Музыкант сделал какое-то быстрое движение ладонью, и составной плектр вывалился на пол, а на его месте тотчас появился новый, поменьше, белый, твердый, как из слоновой кости. Все это время он прятался где-то между средним и безымянным пальцами – на всякий случай.
Переменив положение пальцев на грифе, музыкант с силой врезал по струнам этим плектром. А потом еще раз и еще – и сидящим позади него людям, окруженным когтями и тьмой, показалось, будто каждым ударом их подбрасывало в воздух, а отпрянувшие куда-то в неведомые дали стены комнатушки то и дело налетали из тьмы, как ладони, мчащиеся друг к другу для хлопка, а потом, когда атака звуковой волны резко спадала – они стремительно отступали. Стукнув трижды, музыкант сорвал исполосованную шрамами руку с гаюдуна и щелкнул по лежащему у бедра барабанчику. Затем снова трижды по струнам – и один раз по барабанчику. И так ритмично, все быстрее и быстрее.
Дикий, безобразно диссонантный и входящий в противоречие со всем естеством мироздания звук гаюдуна, излюбленного инструмента поэтов, гедонистов и королей, ошеломлял, пугал и вводил в такое состояние оцепенения, что парализовывал и как будто выпихивал слушателя прочь из этого мира, заменяя собой. Совсем не к такому обращению привык этот нежный аристократический инструмент.

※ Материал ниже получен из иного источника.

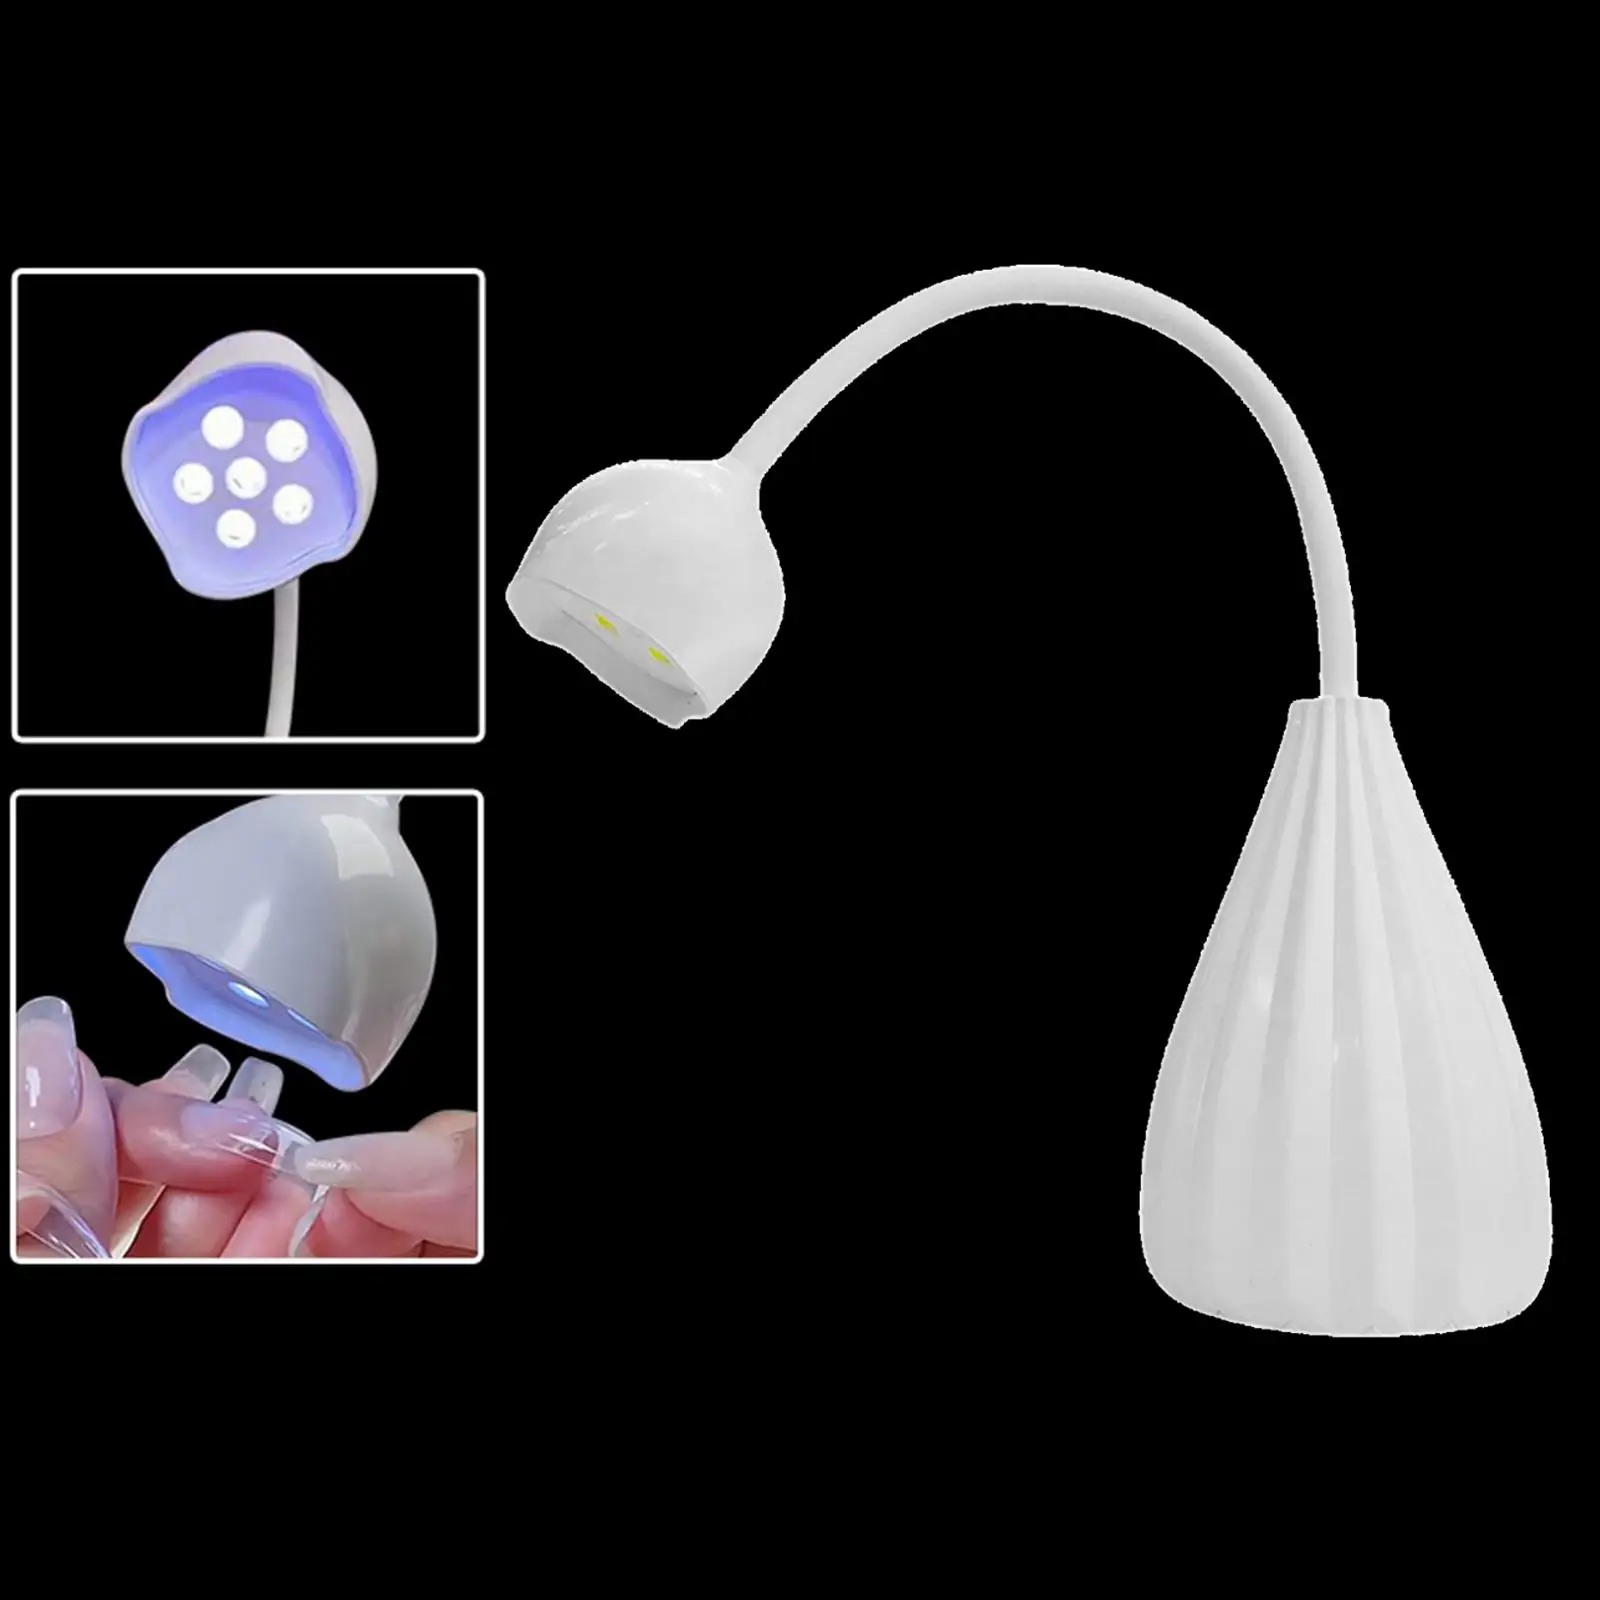 12W LED Nail Lamp Professional  Light, 6 LED, USB Charging ,Beauty Parts Tools for  Salon Girls Women

Со всех сторон разом прыснули желто-зеленые искры – из всех тех щелей, откуда лезли волосатые пальцы, да и просто из ниоткуда, из воздуха, из пустого пространства. Пальцы завертелись как бешеные, как плетки в руках истязателей, задергалась красная неистовая масса, и от каждого барабанного удара ее словно бы разрывало на части, а мгновение спустя она склеивалась вновь.
От касаний мчащейся смерчем светящейся мошкары по рукам музыканта текла кровь. Текла по лицу, шее, плечам, капала с его ногтей на гаюдун, а когда он отвлекался, чтобы стукнуть легонько в барабан – разбрызгивалась по комнате, падала на лицо и волосы больной. Тянущиеся отовсюду пальцы ухватили его за локоть той руки, которой он водил по грифу, пытались удержать, помешать, сбить. Другие хватали за волосы сидящую позади женщину, по глазам которой тоже текла кровь, а она молчала, терпела, потому что страх за измученную дочь был сильнее любой боли. Несколько когтей вонзились в бедра мужчины, но он лишь прикрыл глаза и сжал плотнее зубы.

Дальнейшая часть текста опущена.